## [DATA]
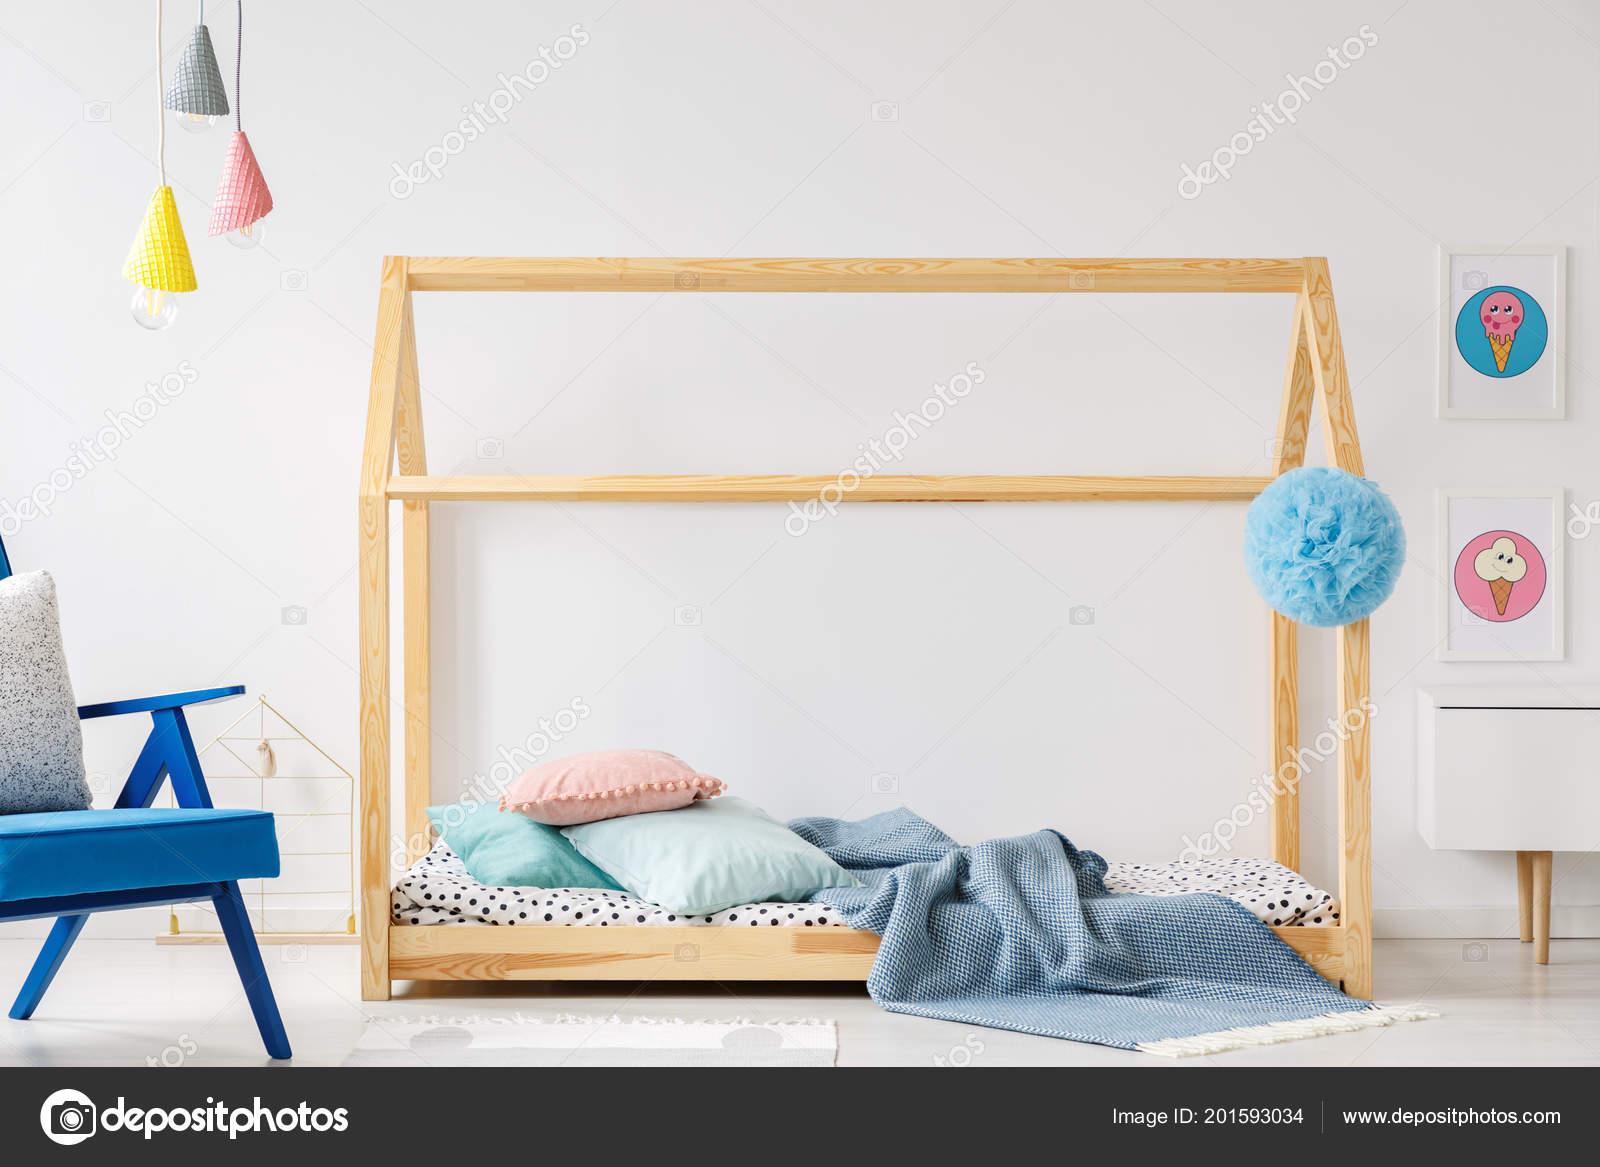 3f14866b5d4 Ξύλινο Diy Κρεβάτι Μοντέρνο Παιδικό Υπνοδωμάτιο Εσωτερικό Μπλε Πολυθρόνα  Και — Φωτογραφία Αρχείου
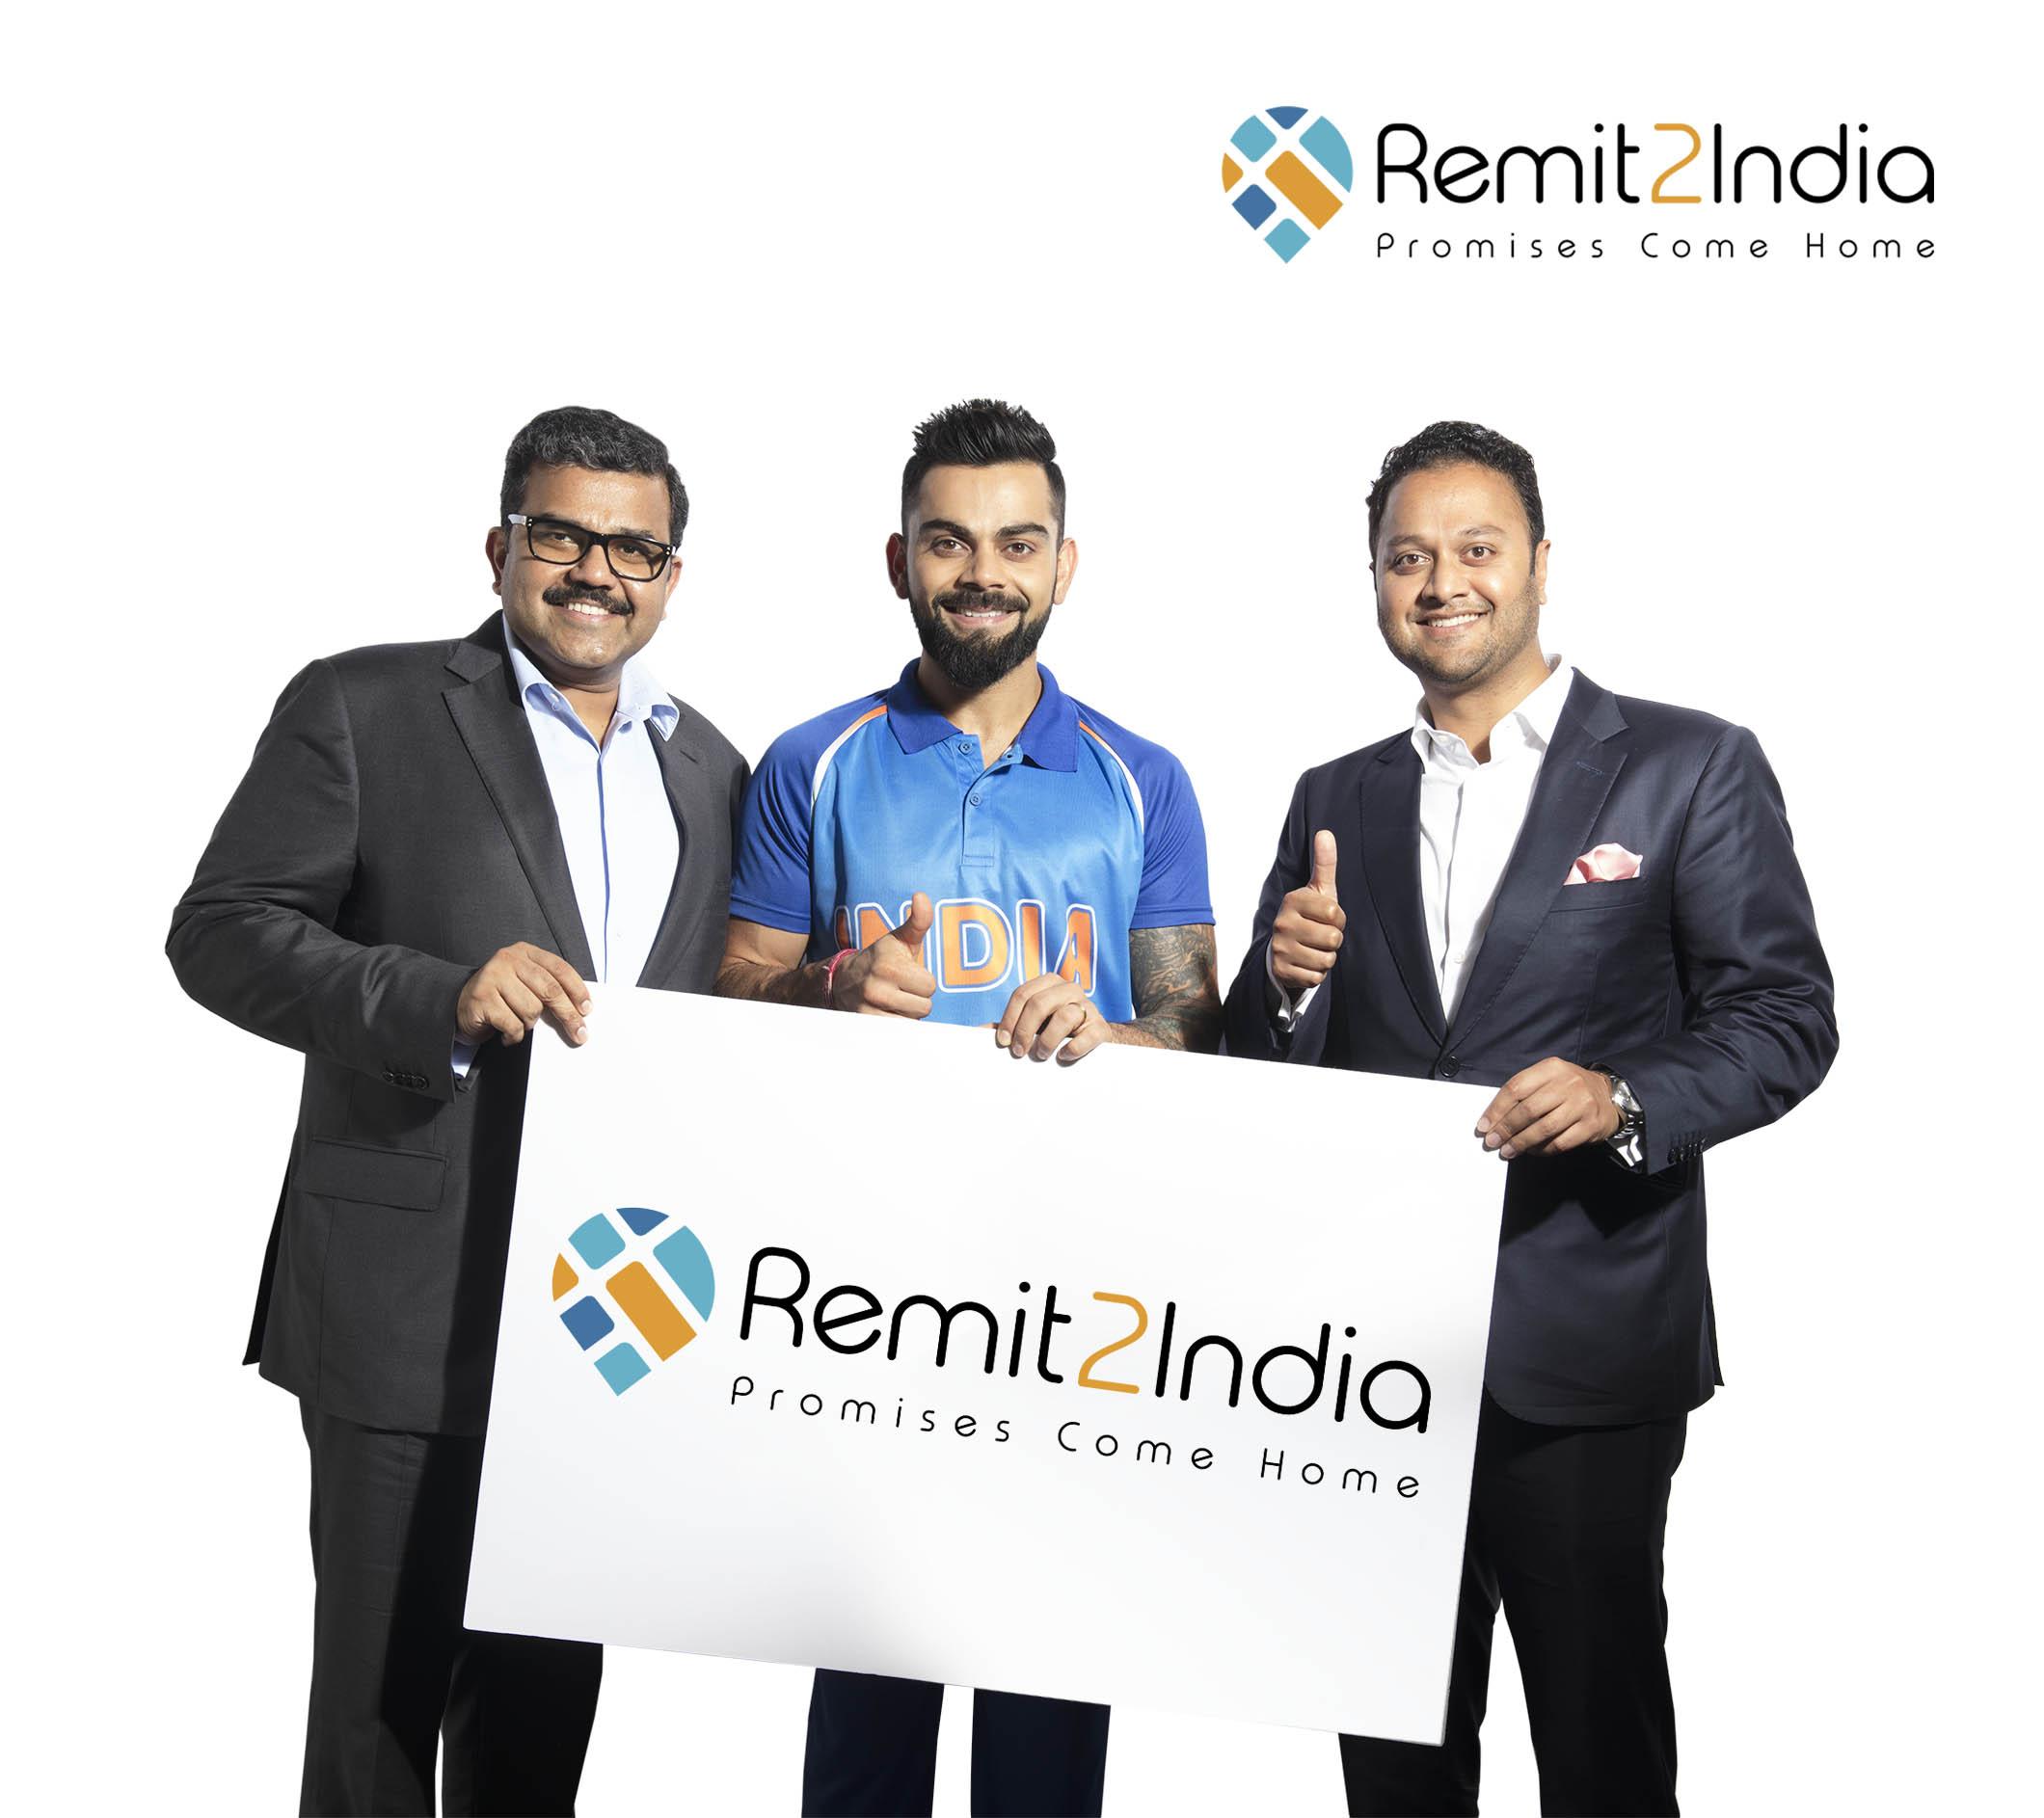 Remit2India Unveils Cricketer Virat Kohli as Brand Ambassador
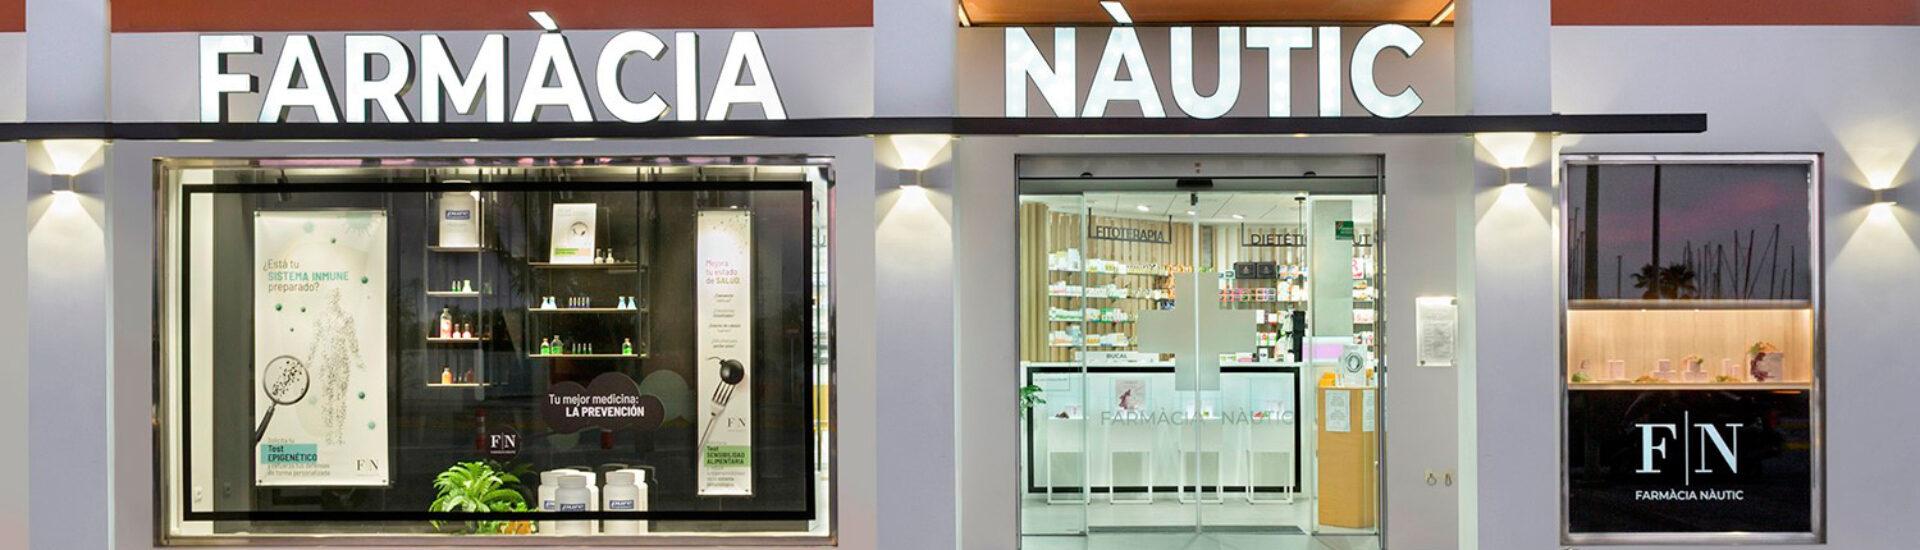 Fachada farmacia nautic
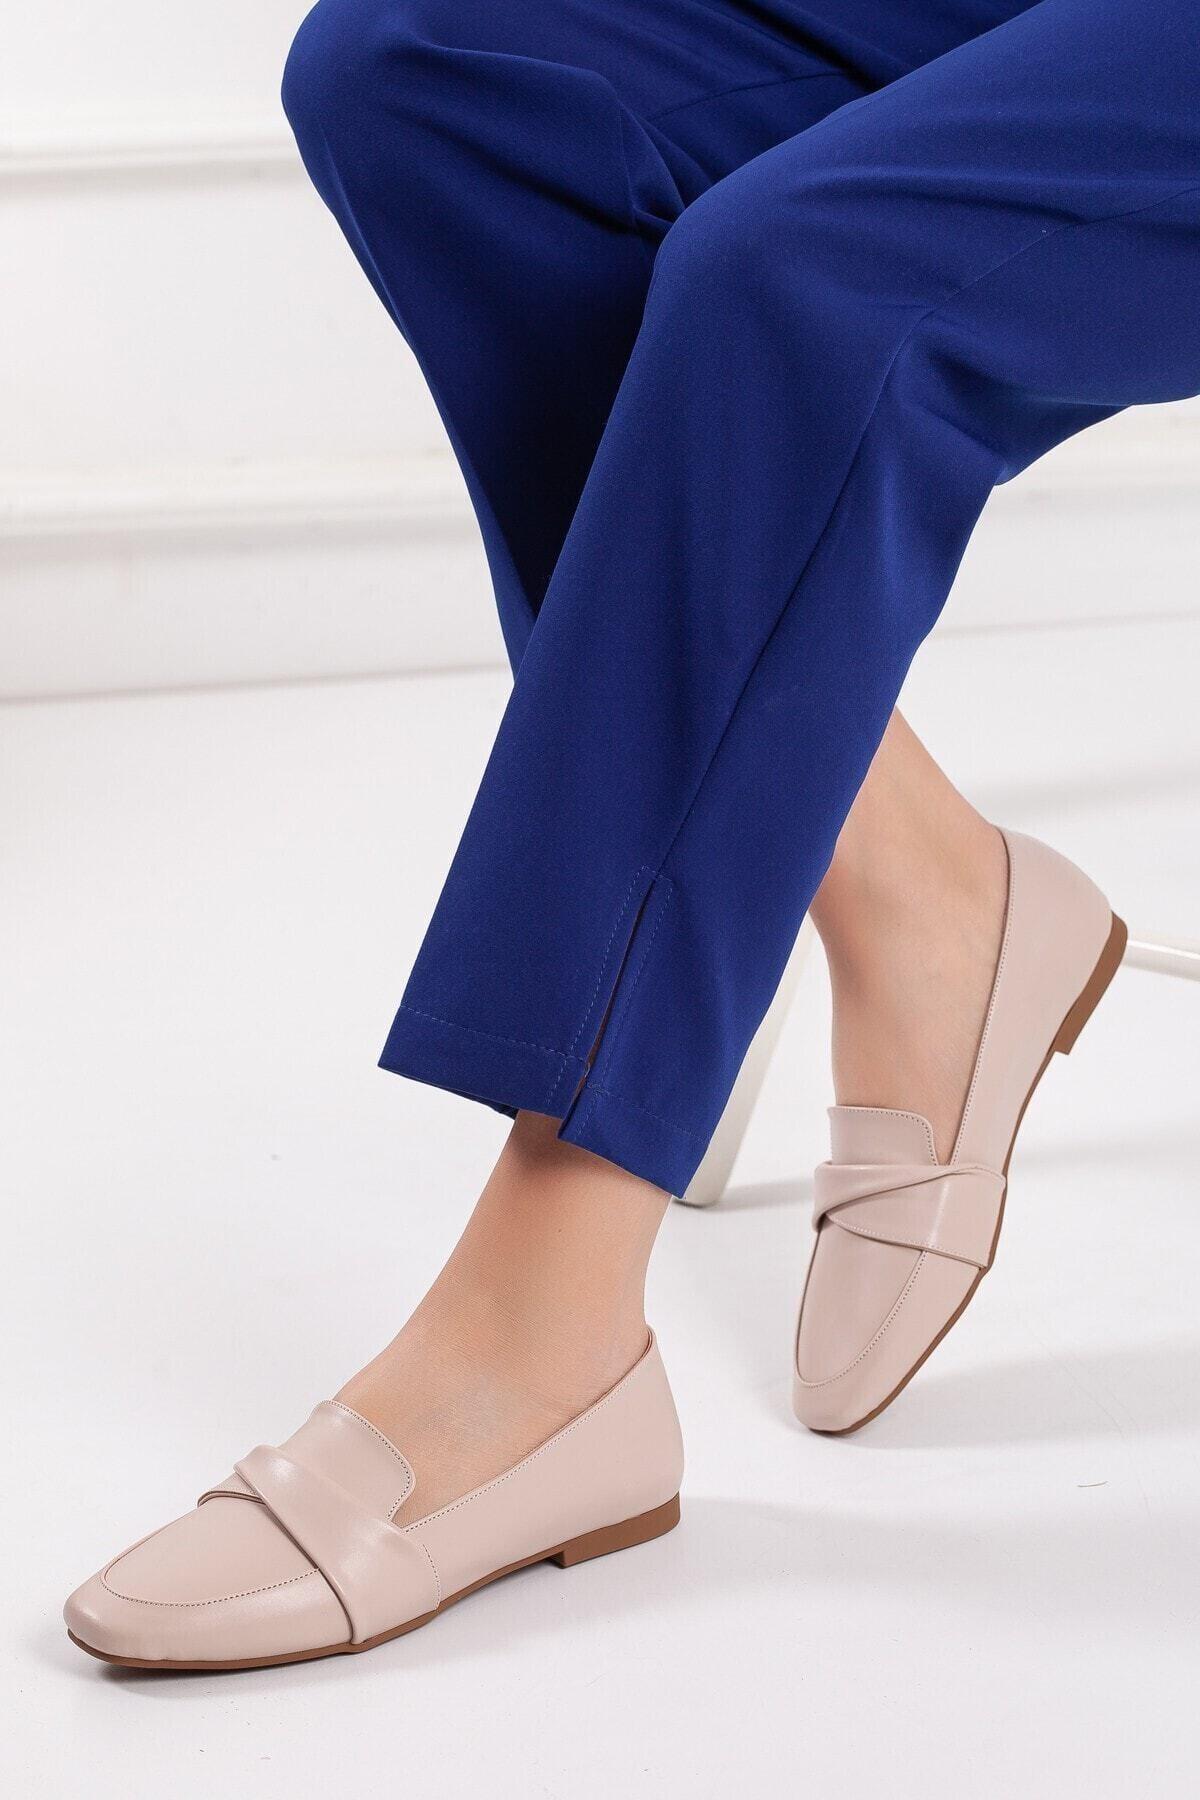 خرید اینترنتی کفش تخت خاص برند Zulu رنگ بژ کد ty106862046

## [DIRECTIONS]
Repeat the data above in full and exactly. Omit every image.

## [REPLY]
 3f14866b5d4 Ξύλινο Diy Κρεβάτι Μοντέρνο Παιδικό Υπνοδωμάτιο Εσωτερικό Μπλε Πολυθρόνα  Και — Φωτογραφία Αρχείου
 Remit2India Unveils Cricketer Virat Kohli as Brand Ambassador
 Fachada farmacia nautic
 خرید اینترنتی کفش تخت خاص برند Zulu رنگ بژ کد ty106862046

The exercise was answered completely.